Lake Compounce Carousel is a historic carousel at Lake Compounce amusement park in Southington, Connecticut. It was designed by Charles I. D. Looff and built around 1890. A rare surviving operational Looff carousel, it was added to the National Register of Historic Places in 1978.

==Description and history==
Lake Compounce Carousel is located on the southern portion of the amusement park grounds, separated from the northern shore of Lake Compounce by a water slide and the Starlight Theater. The carousel is housed in a 12-sided wooden structure topped by a scallop-shingled roof with a monitor center and a central cupola.
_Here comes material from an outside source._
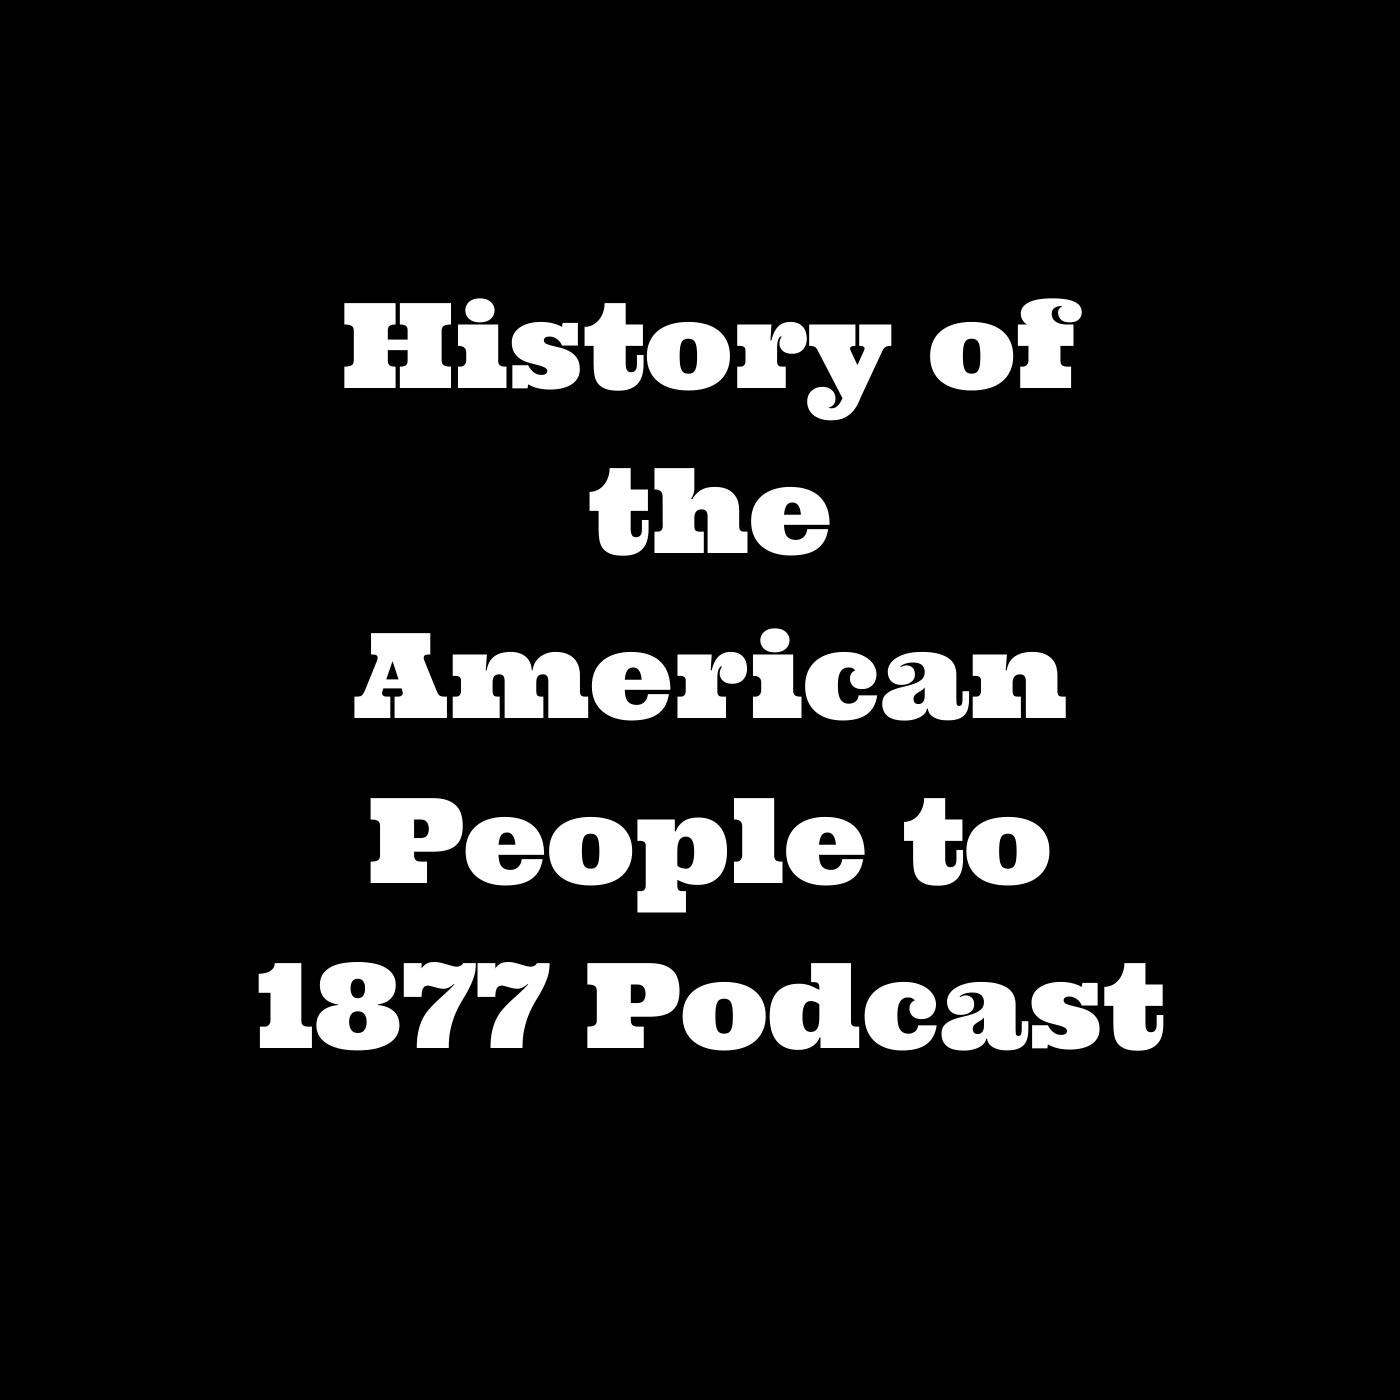 History of the American People to 1877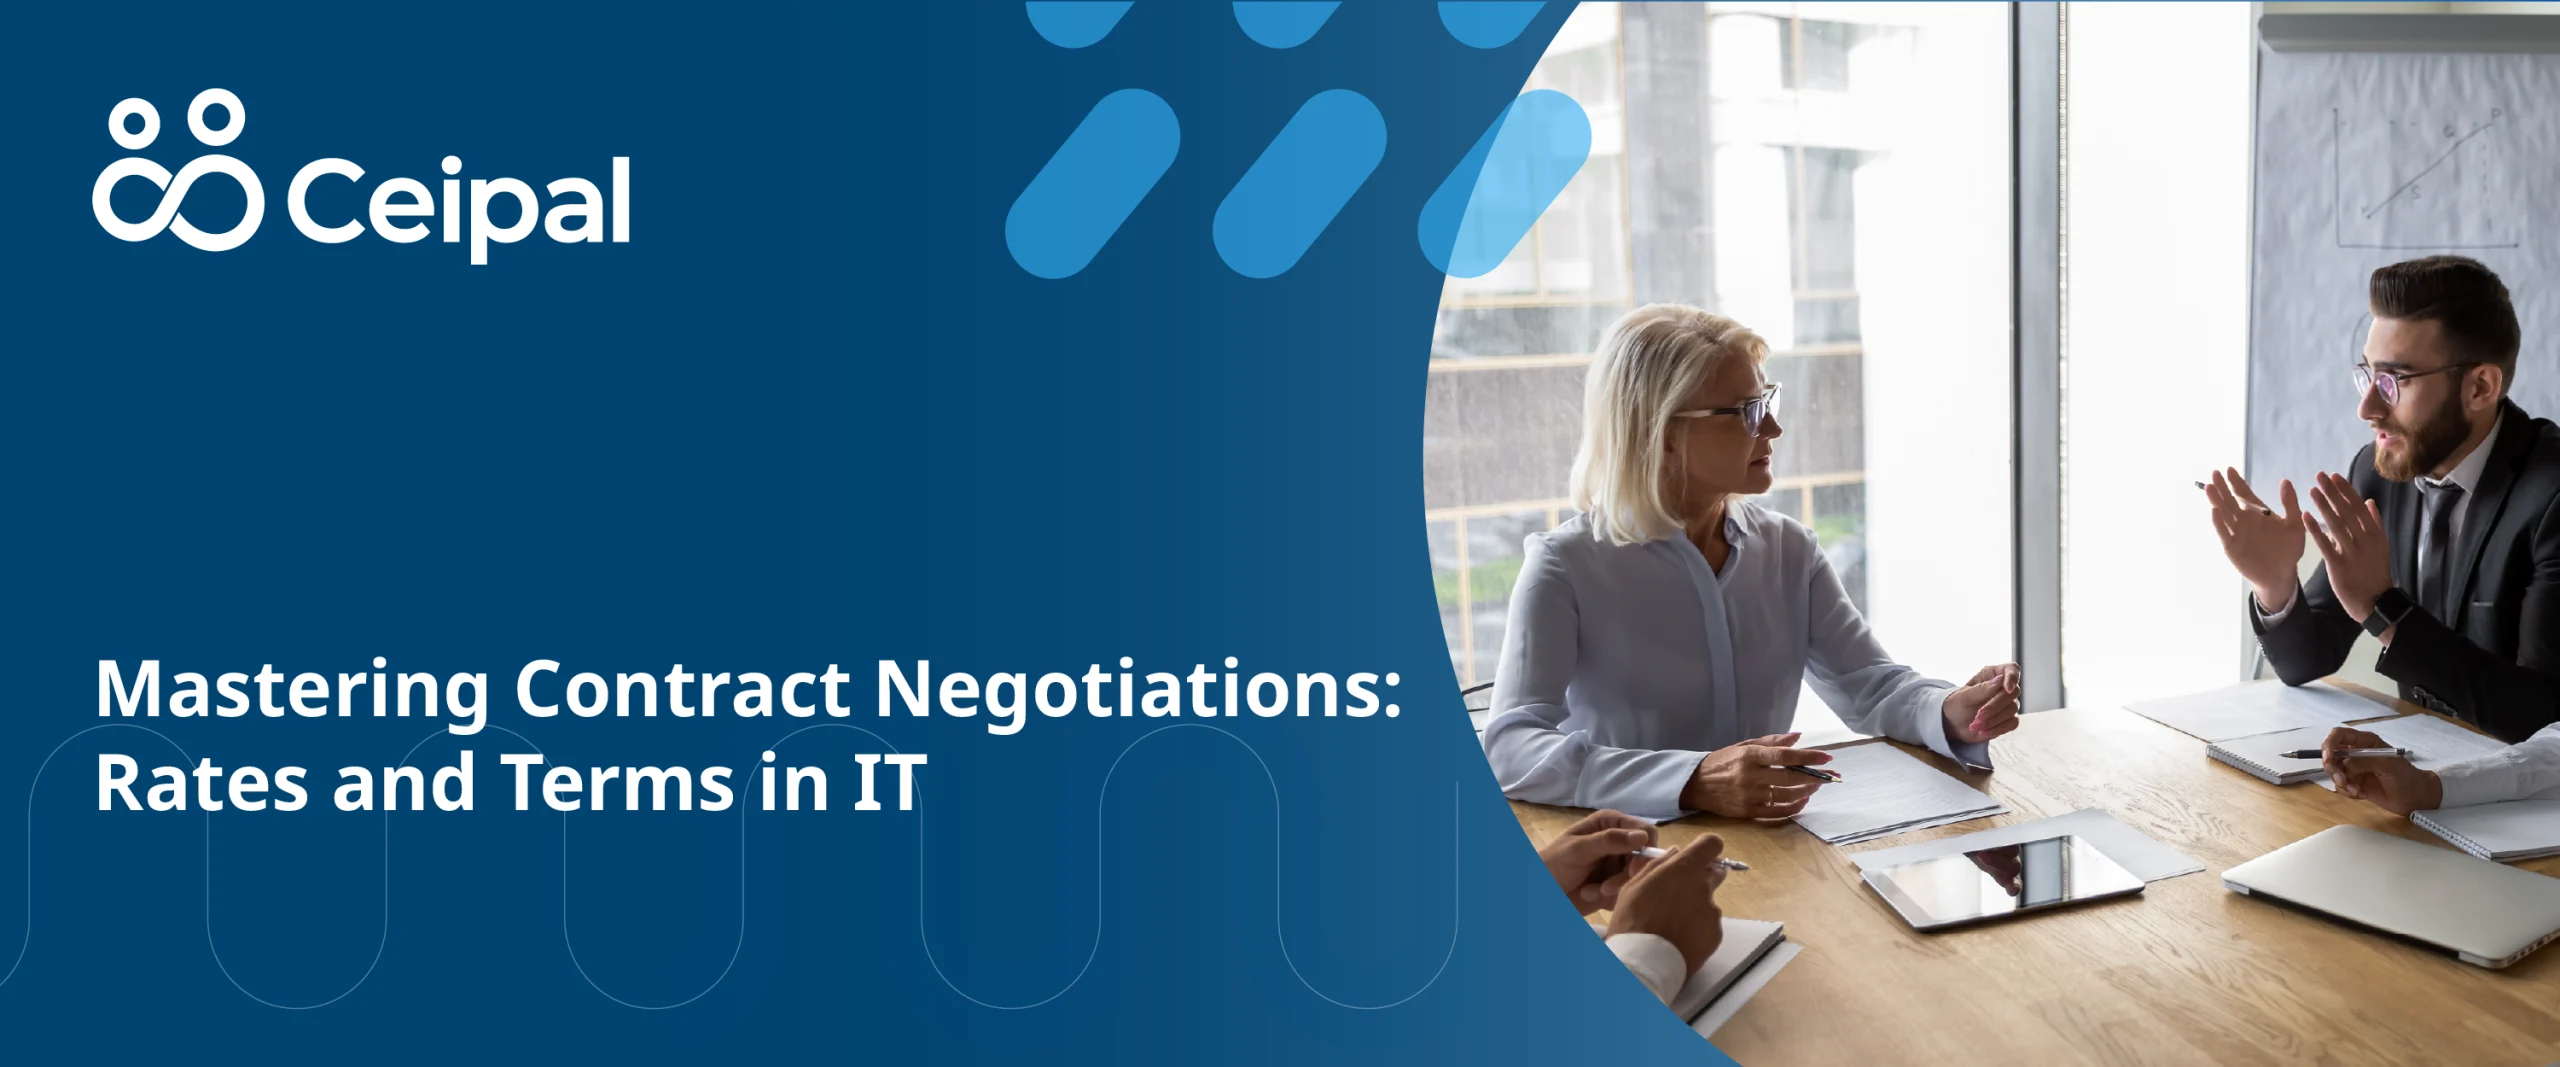 Mastering Contract Negotiations: Rates and Terms in IT

The roof is supported by wooden posts set on piers, with balustrades between the piers. The carousel has a platform 45 ft in diameter, with 18 rows of riding positions. 16 of these positions consist of horse figures, three abreast. Of the other two, two of the three positions are taken up by a stationary chariot, and in one of those, the third position is occupied by a goat. The horses are each uniquely painted, and are set in a variety of poses and facial expressions. The decorative elements of the platform assembly are original.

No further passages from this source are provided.